**Exercise:**
Take the data below and write it out exactly, except for the pictures.

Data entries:
*** Begin section ***

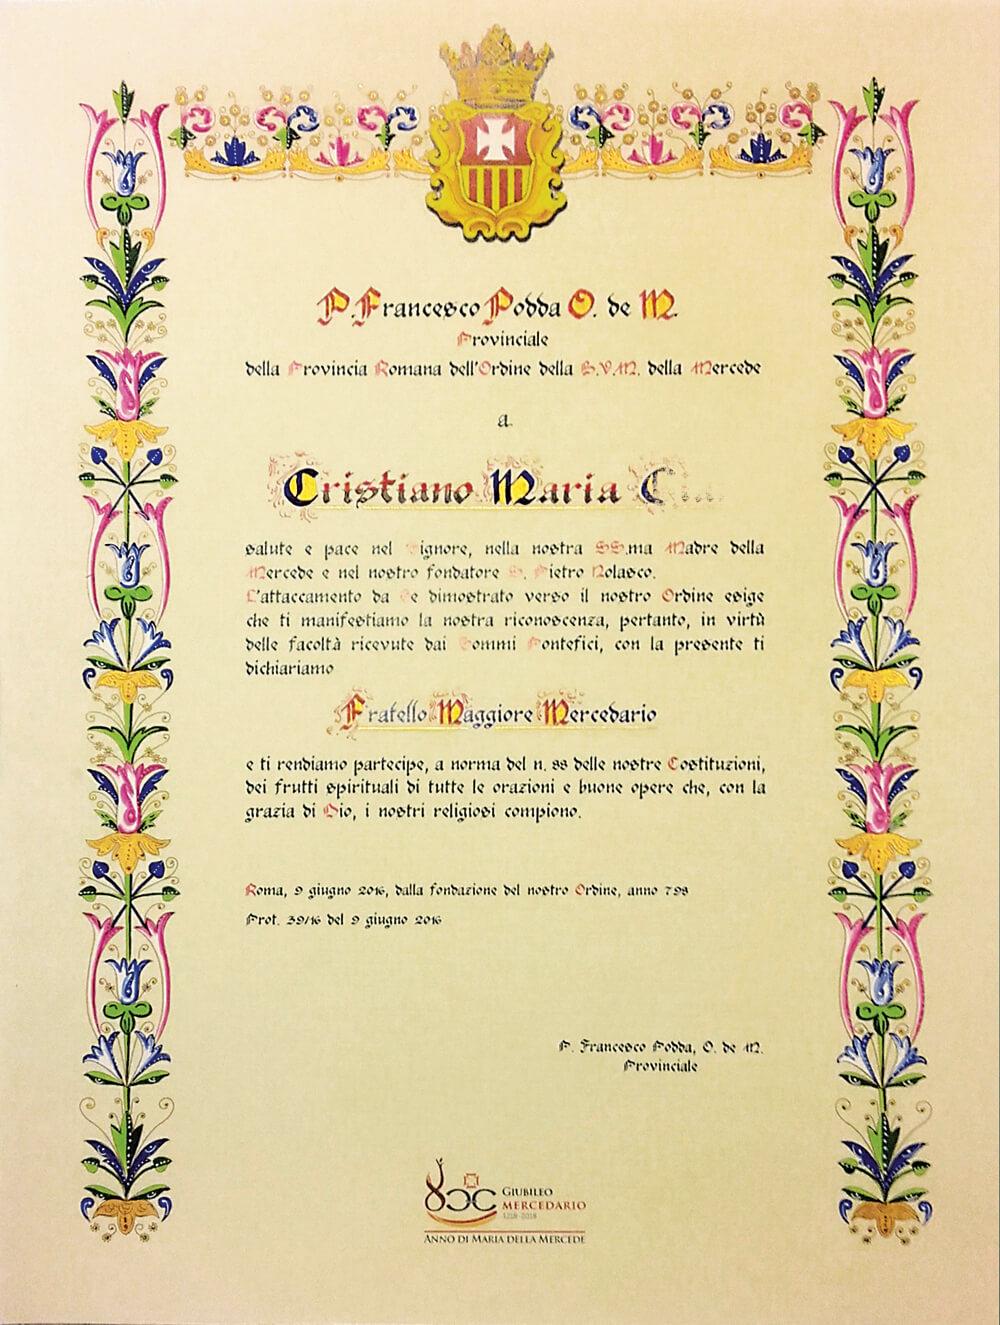 Pergamena per affiliazione ordine religioso dipinta a mano
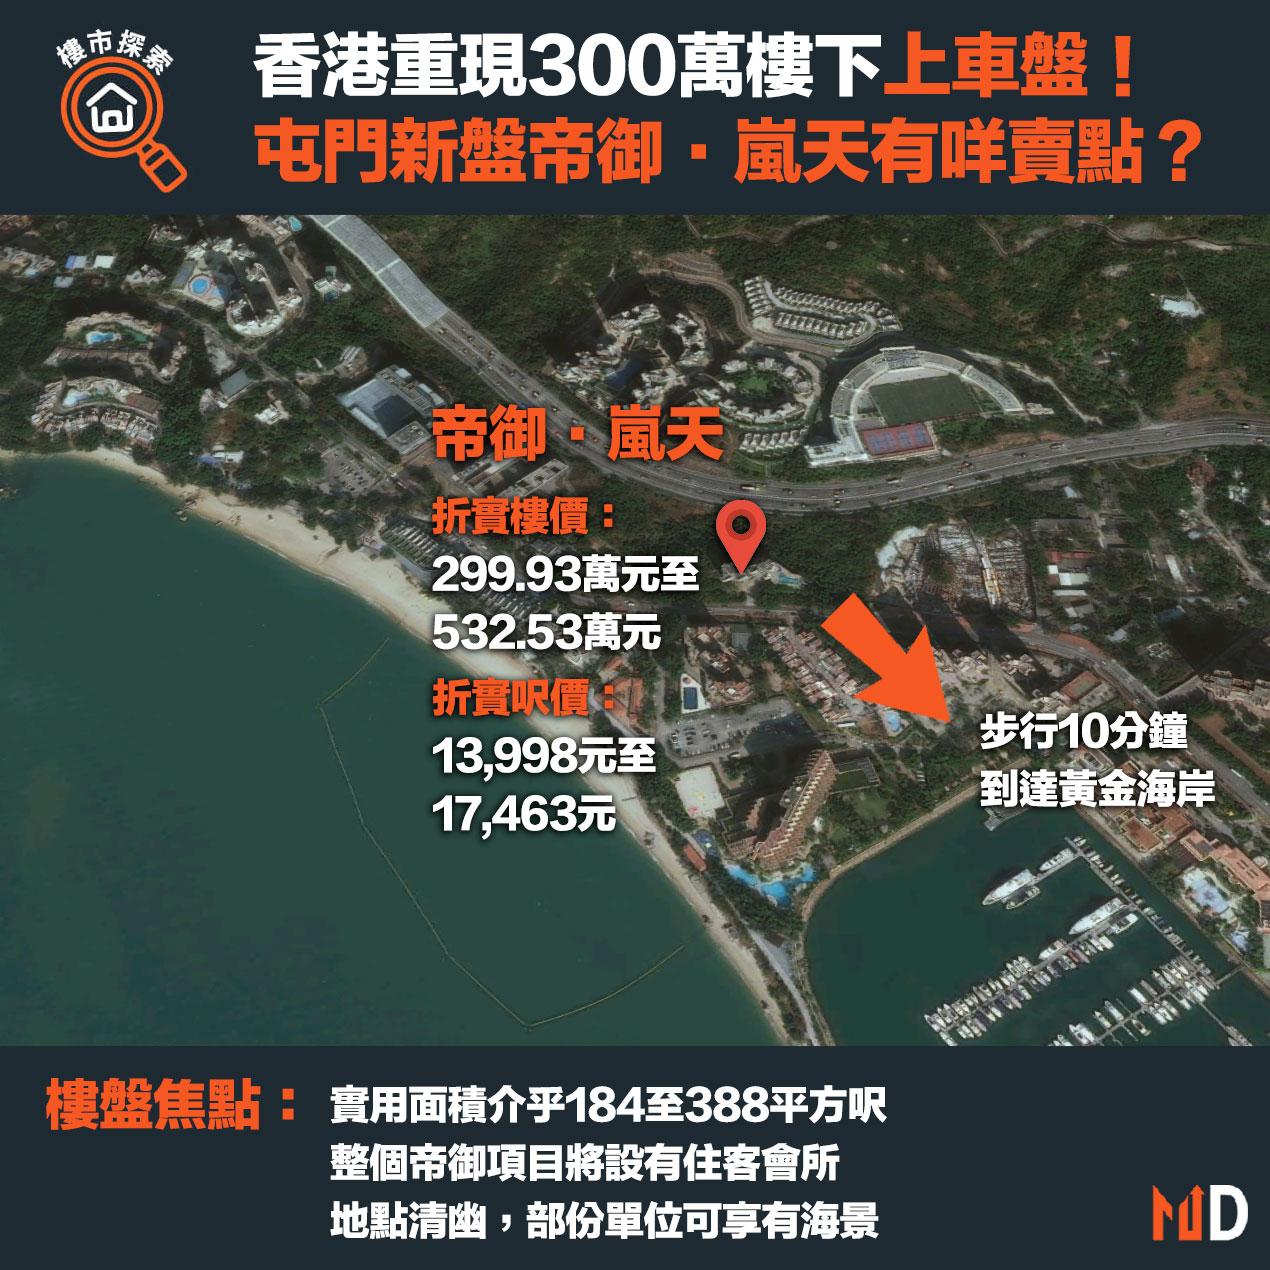 香港重現300萬樓下上車盤!屯門新盤帝御·嵐天有咩賣點?
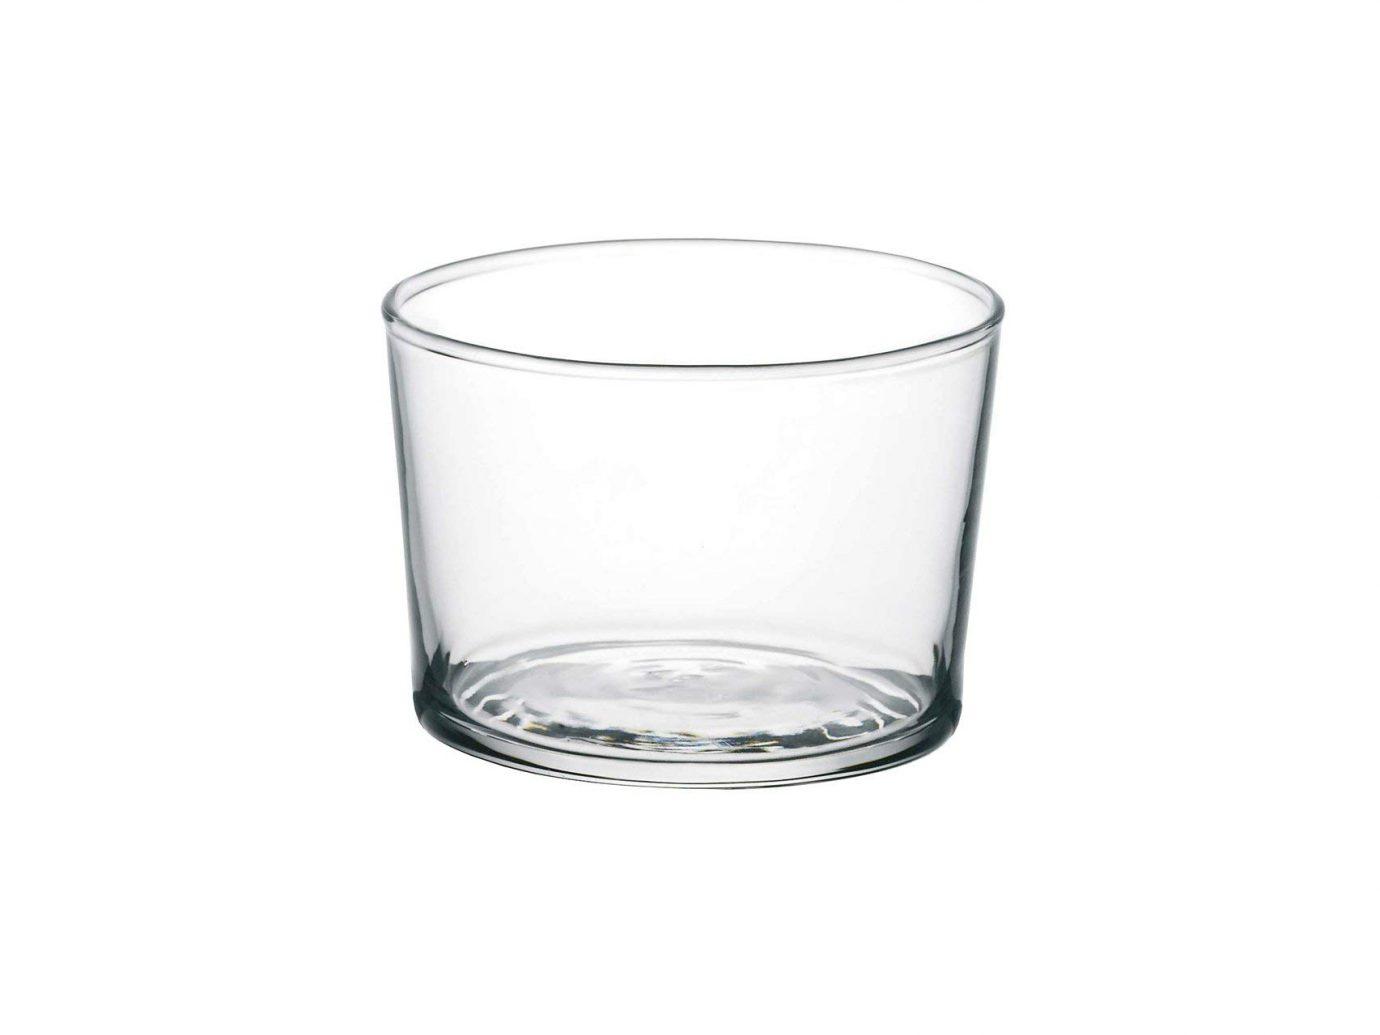 Bormioli Rocco Bodega Collection Wine Glasses
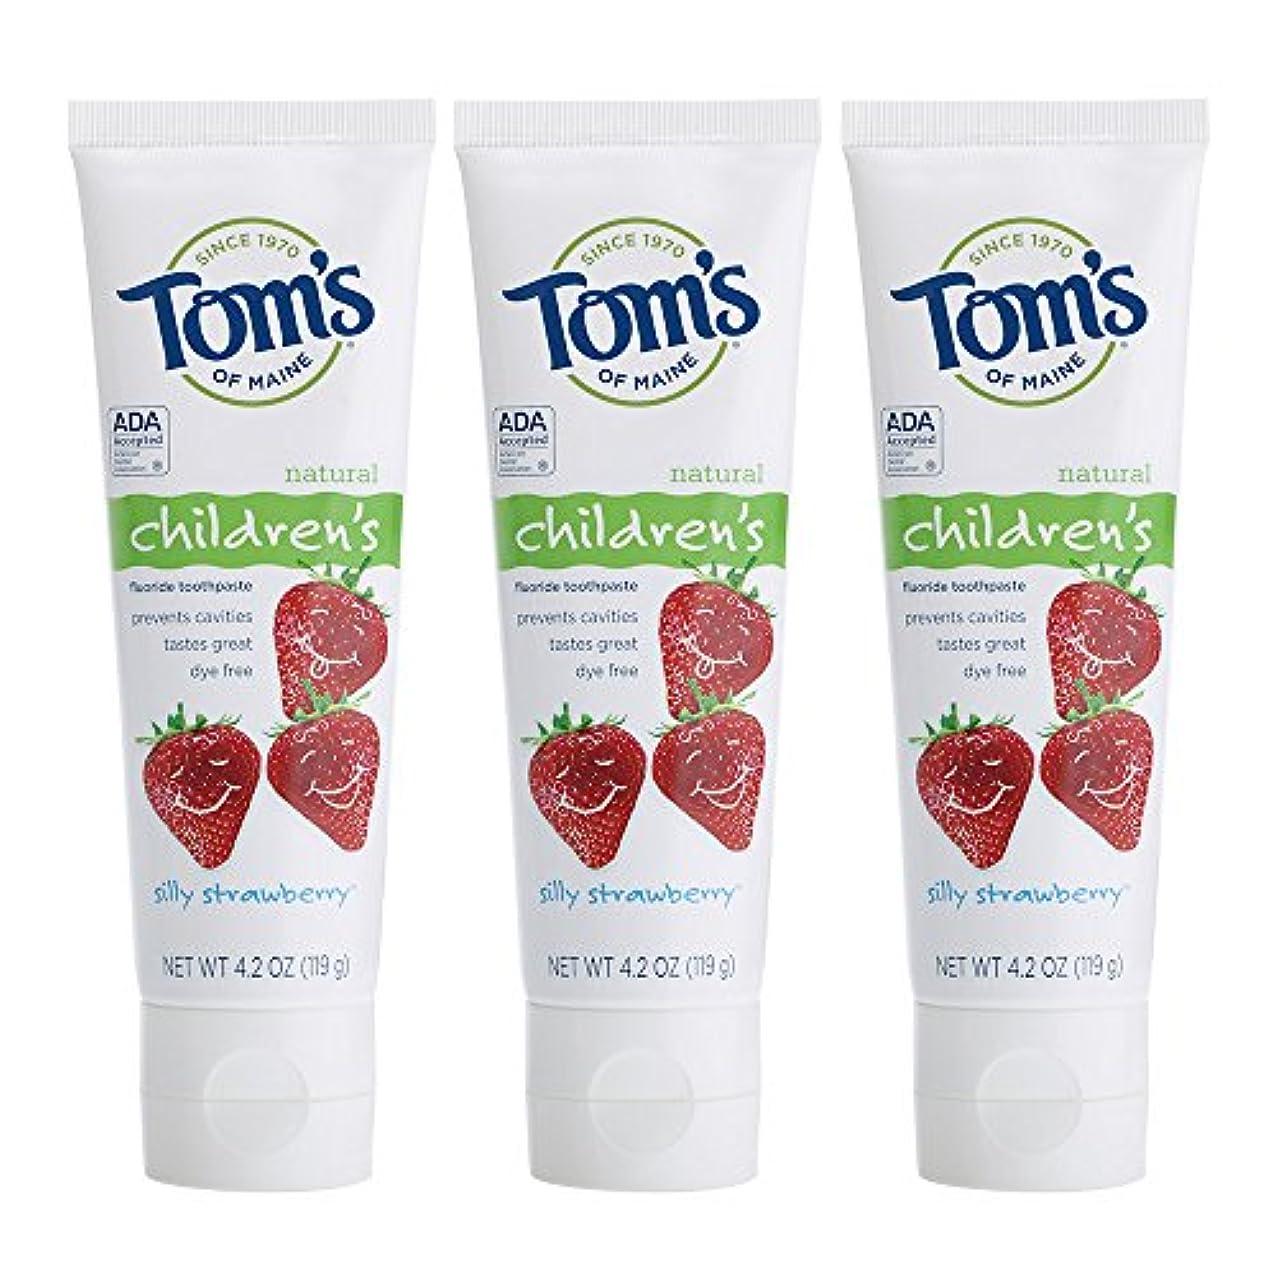 伝導小川ゴージャスTom's of Maine, Natural Children's Fluoride Toothpaste, Silly Strawberry, 4.2 oz (119 g)
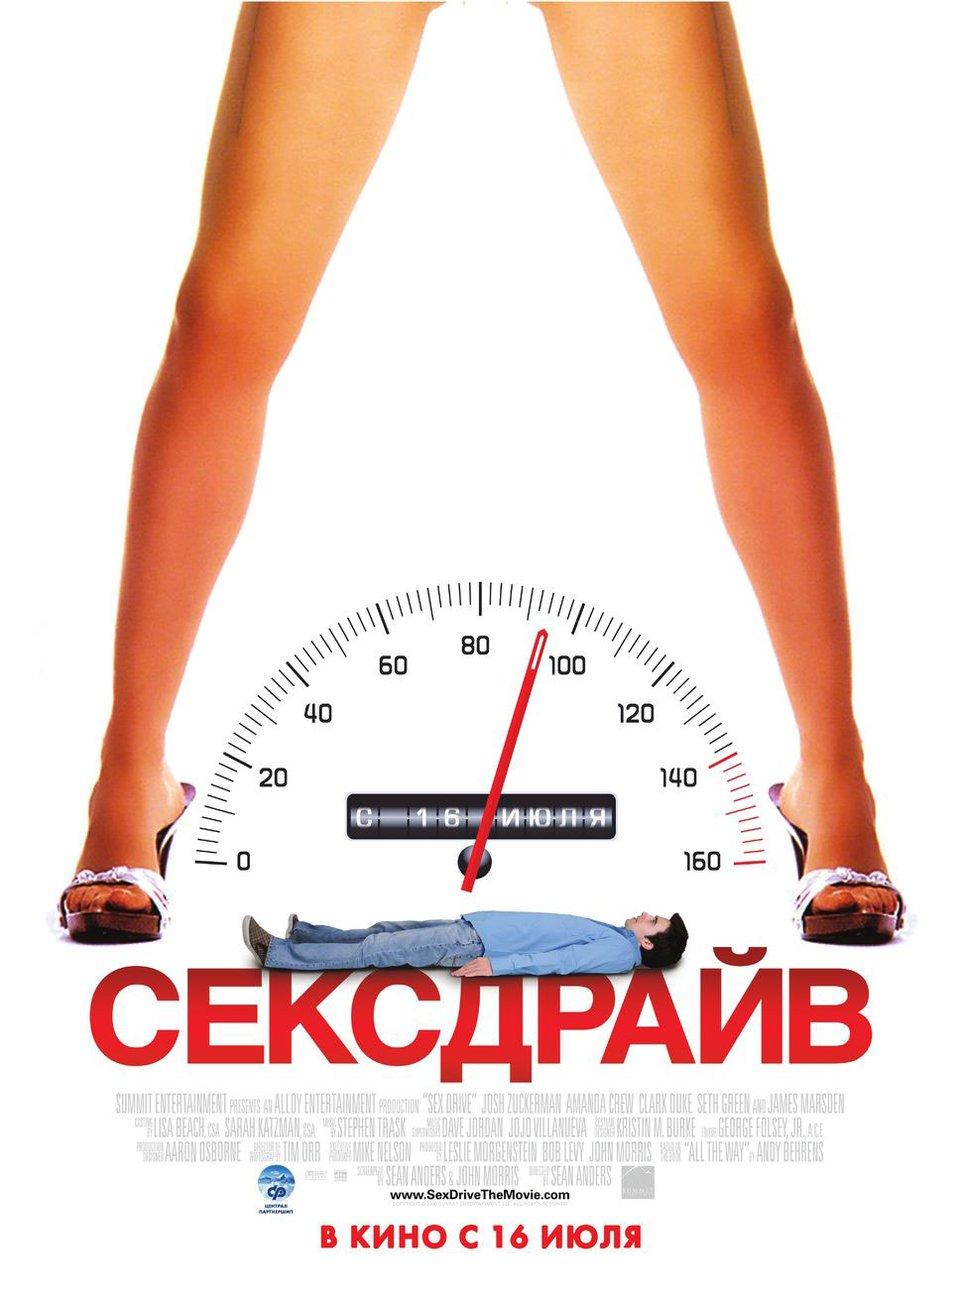 Смотреть Сексдрайв онлайн бесплатно / Sex Drive.
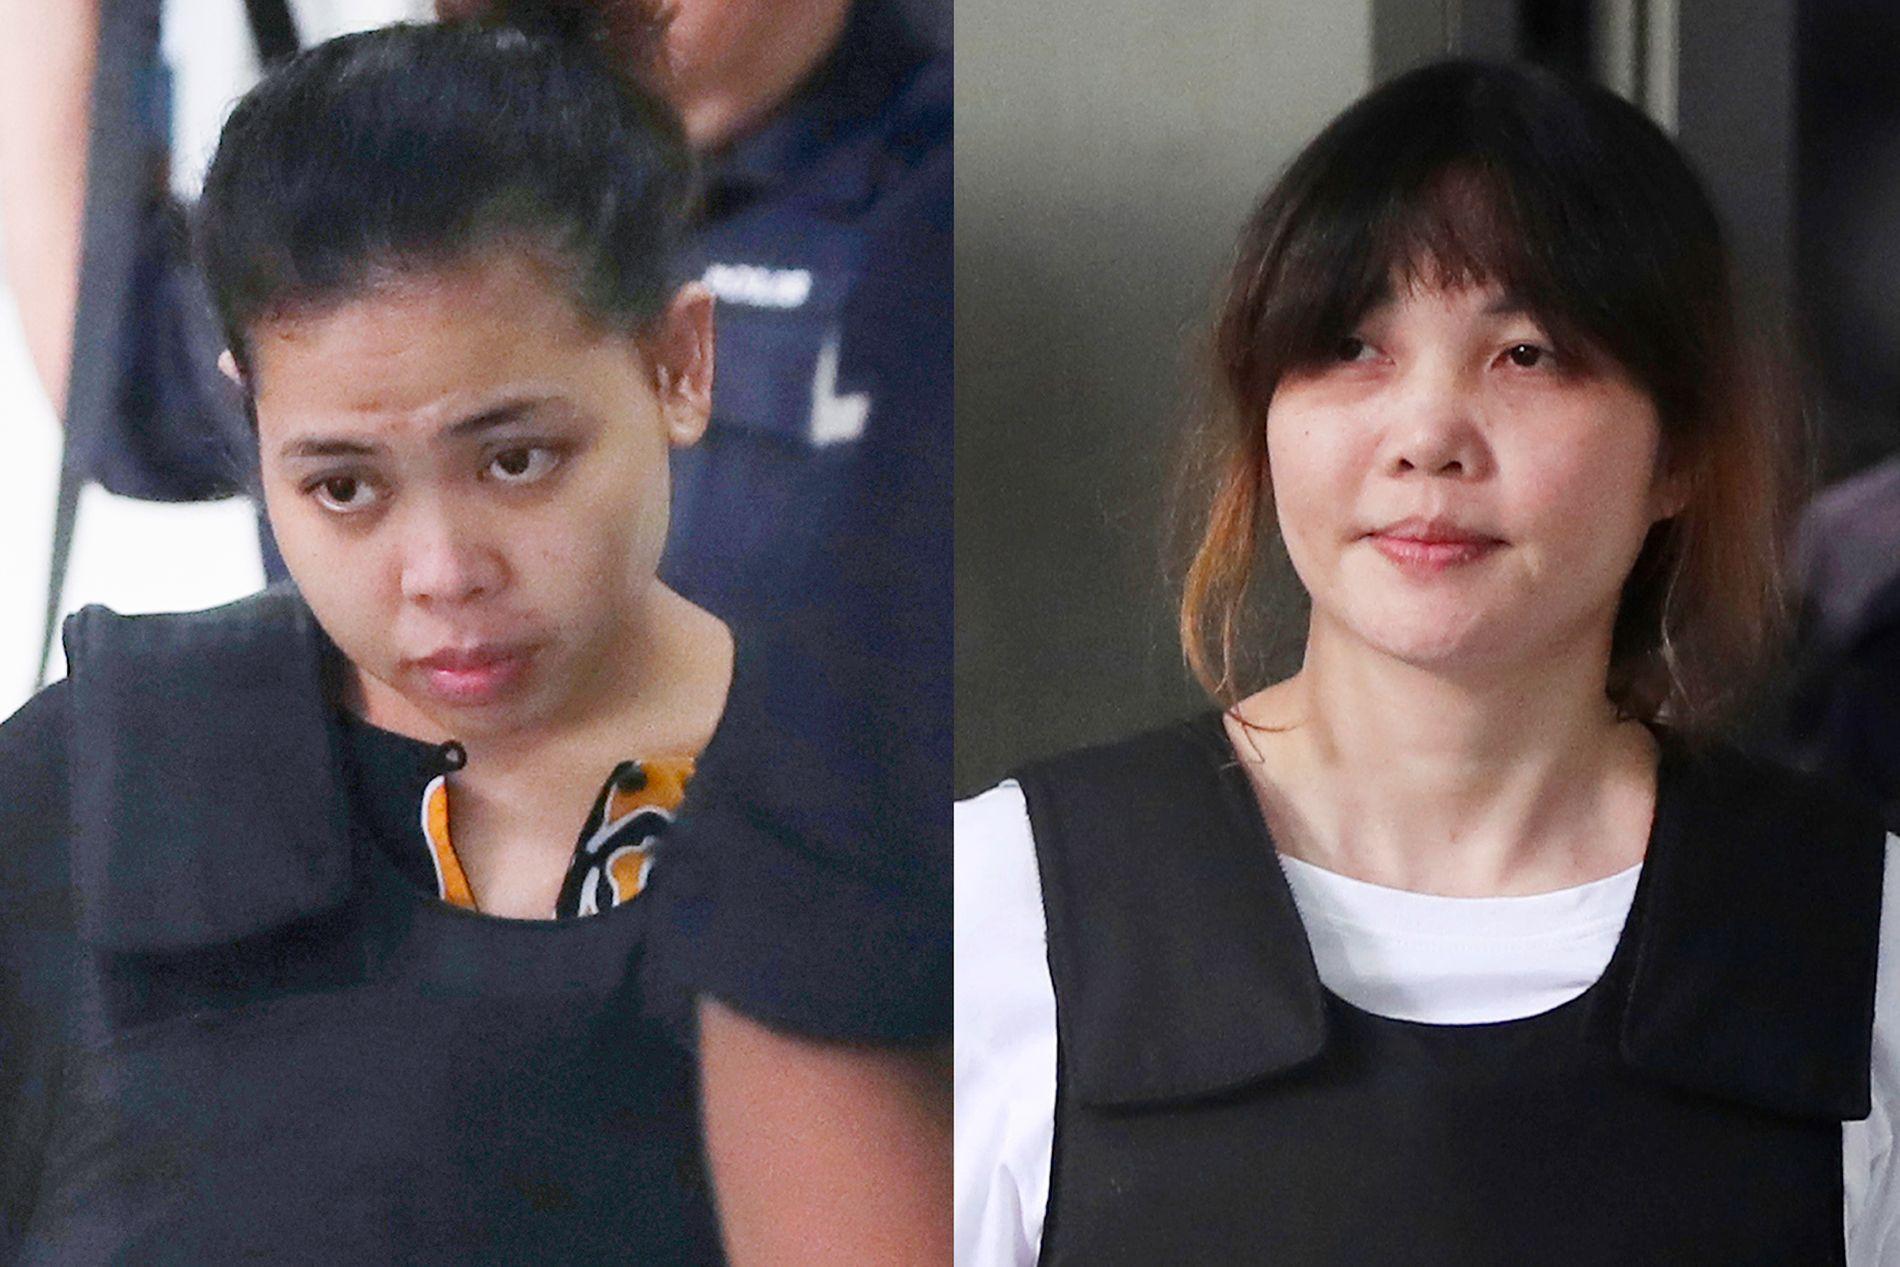 RISIKIERER DØDSSTRAFF: De to kvinnene, Siti Aisya (t.v.) og Doan Thi Huong står tiltalt for attentatet til Nord-Koreas leder Kim Jong-uns bror Kim Jong-nam.

*** End section ***

**The answer:**
 Pergamena per affiliazione ordine religioso dipinta a mano
 香港重現300萬樓下上車盤!屯門新盤帝御·嵐天有咩賣點?
 Bormioli Rocco Bodega Collection Wine Glasses
 伝導小川ゴージャスTom's of Maine, Natural Children's Fluoride Toothpaste, Silly Strawberry, 4.2 oz (119 g)
 Смотреть Сексдрайв онлайн бесплатно / Sex Drive.
 RISIKIERER DØDSSTRAFF: De to kvinnene, Siti Aisya (t.v.) og Doan Thi Huong står tiltalt for attentatet til Nord-Koreas leder Kim Jong-uns bror Kim Jong-nam.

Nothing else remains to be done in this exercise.